Search code examples
sqloracle-databasejoinquery-performance

ORACLE join multiple tables performance


I have kinda complex question. Let's say that I have 7 tables (20mil+ rows each) (Table1, Table2 ...) with corresponding pk (pk1, pk2, ....) (cardinality among all tables is 1:1) I want to get my final table (using hash join) as:

Create table final_table as select   
t1.column1,  
t2.column2,  
t3.column3,  
t4.column4,  
t5.column5,  
t6.column6,  
t7.column7  
from table1 t1  
join table2 t2 on t1.pk1 = t2.pk2  
join table2 t3 on t1.pk1 = t3.pk3   
join table2 t4 on t1.pk1 = t4.pk4     
join table2 t5 on t1.pk1 = t5.pk5  
join table2 t6 on t1.pk1 = t6.pk6  
join table2 t7 on t1.pk1 = t7.pk7

I would like to know if it would be faster to create partial tables and then final table, like this?

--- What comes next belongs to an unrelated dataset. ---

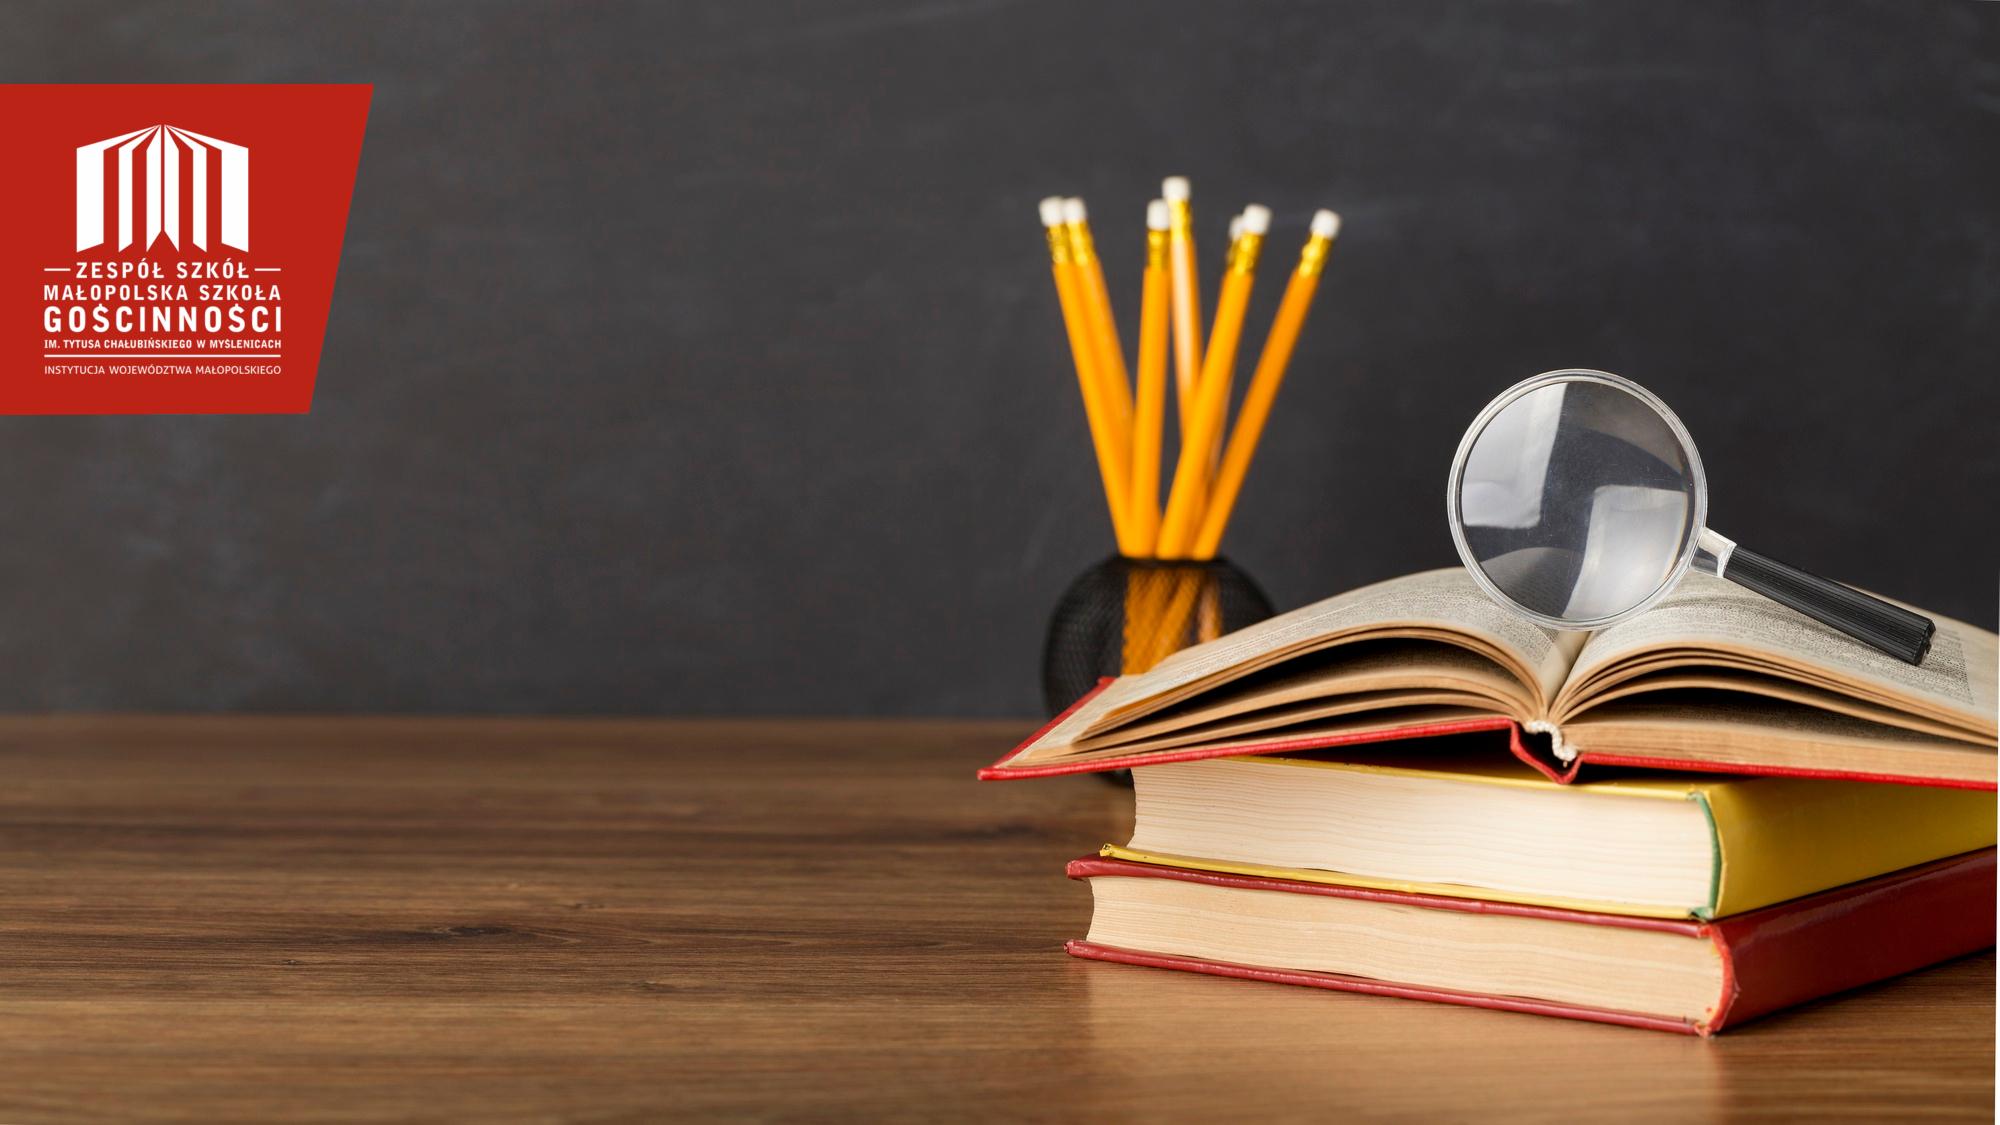 widok na biurko z książkami i ołówkami
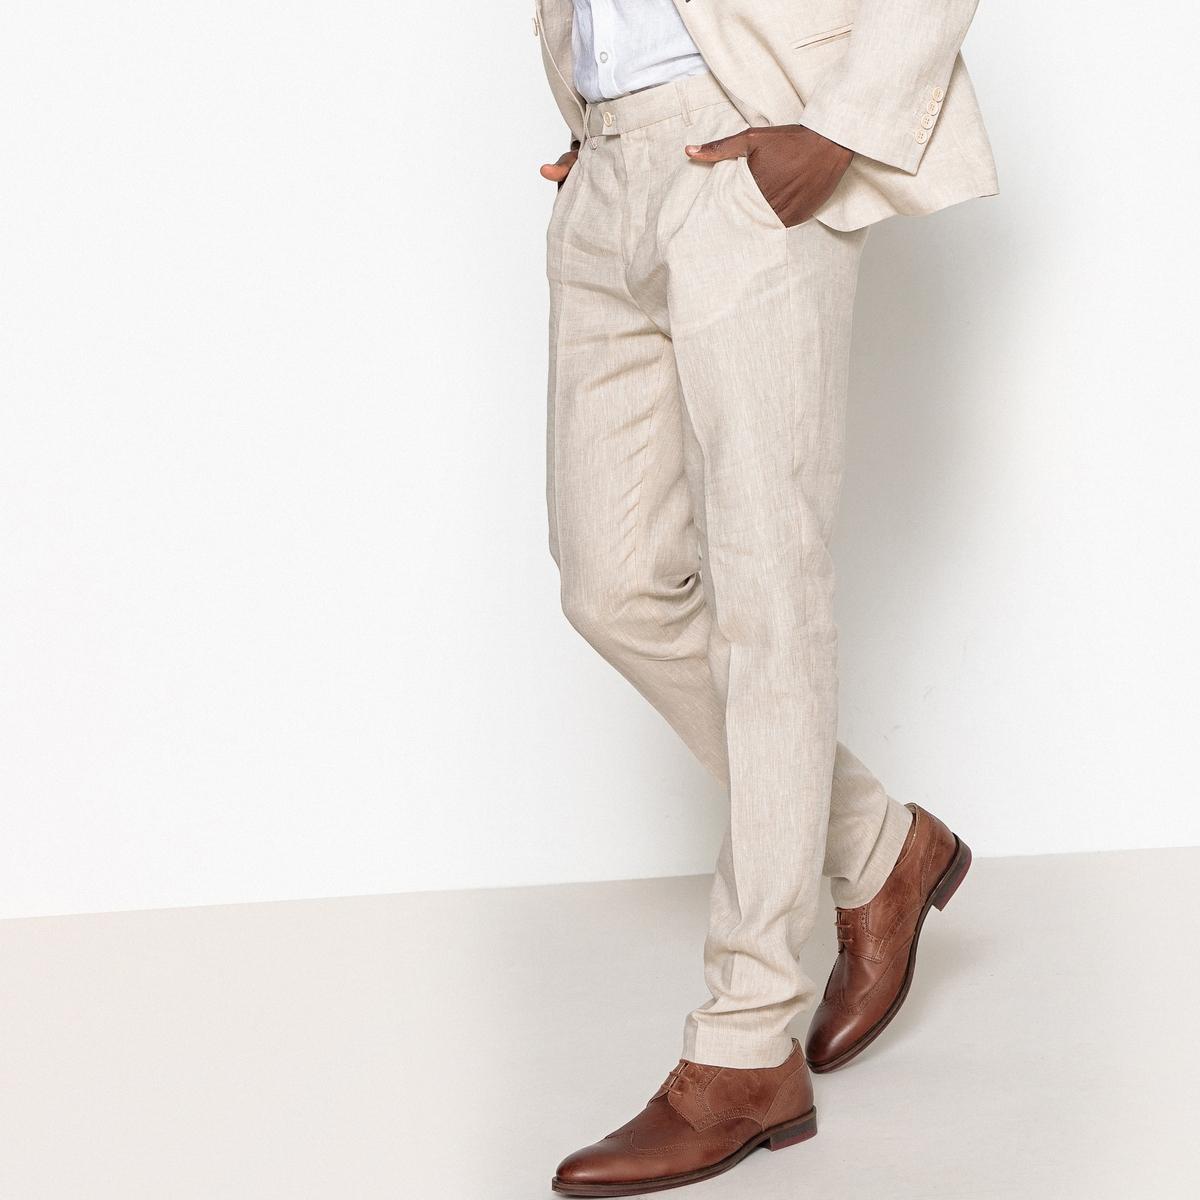 Брюки костюмные узкие из льна и хлопка брюки костюмные узкие из льна и хлопка

Create table partial_table1 as select   
t1.column1,  
t2.column2  
from table1 t1  
join table2 t2 on t1.pk1 = t2.pk2



create table partial_table2 as select   
t1.column1, t1.column2  
t3.column3  
from partial_table1 t1  
join table3 t3 on t1.pk1 = t3.pk3



create table partial_table3 as select  
t1.column1, t1.column2, t1.column3   
t4.column4   
from partial_table1 t1   
join table3 t4 on t1.pk1 = t4.pk4



...  
...  
... 

I know it depends on RAM (because I want to use hash join), actual server usage, etc.. I am not looking for specific answer, I am looking for some explanations why and in what situations would it be better to use partial results or why it would it be better to use all 7 joins in 1 select.
Thanks, I hope that my question is easy to understand.


Solution

  • In general, it is not better to create temporary tables. SQL engines have an optimization phase and this optimization phase should do well as figuring out the best query plan.

    In the case of a bunch of joins, this is mostly about join order, use of indexes, and the optimal algorithm.

    This is a good default attitude. Does it mean that temporary tables are never useful for performance optimization? Not at all. Here are some exceptions:

    • The optimizer generates a suboptimal query plan. In this case, query hints can push the optimizer in the right direction. And, temporary tables can help.
    • Indexing the temporary tables. Sometimes an index on the temporary tables can be a big win for performance. The optimizer might not pick this up.
    • Re-use of temporary tables across queries.

    For your particular goal of using hash joins, you can use a query hint to ensure that the optimizer does what you would like. I should note that if the joins are on primary keys, then a hash join might not be the optimal algorithm.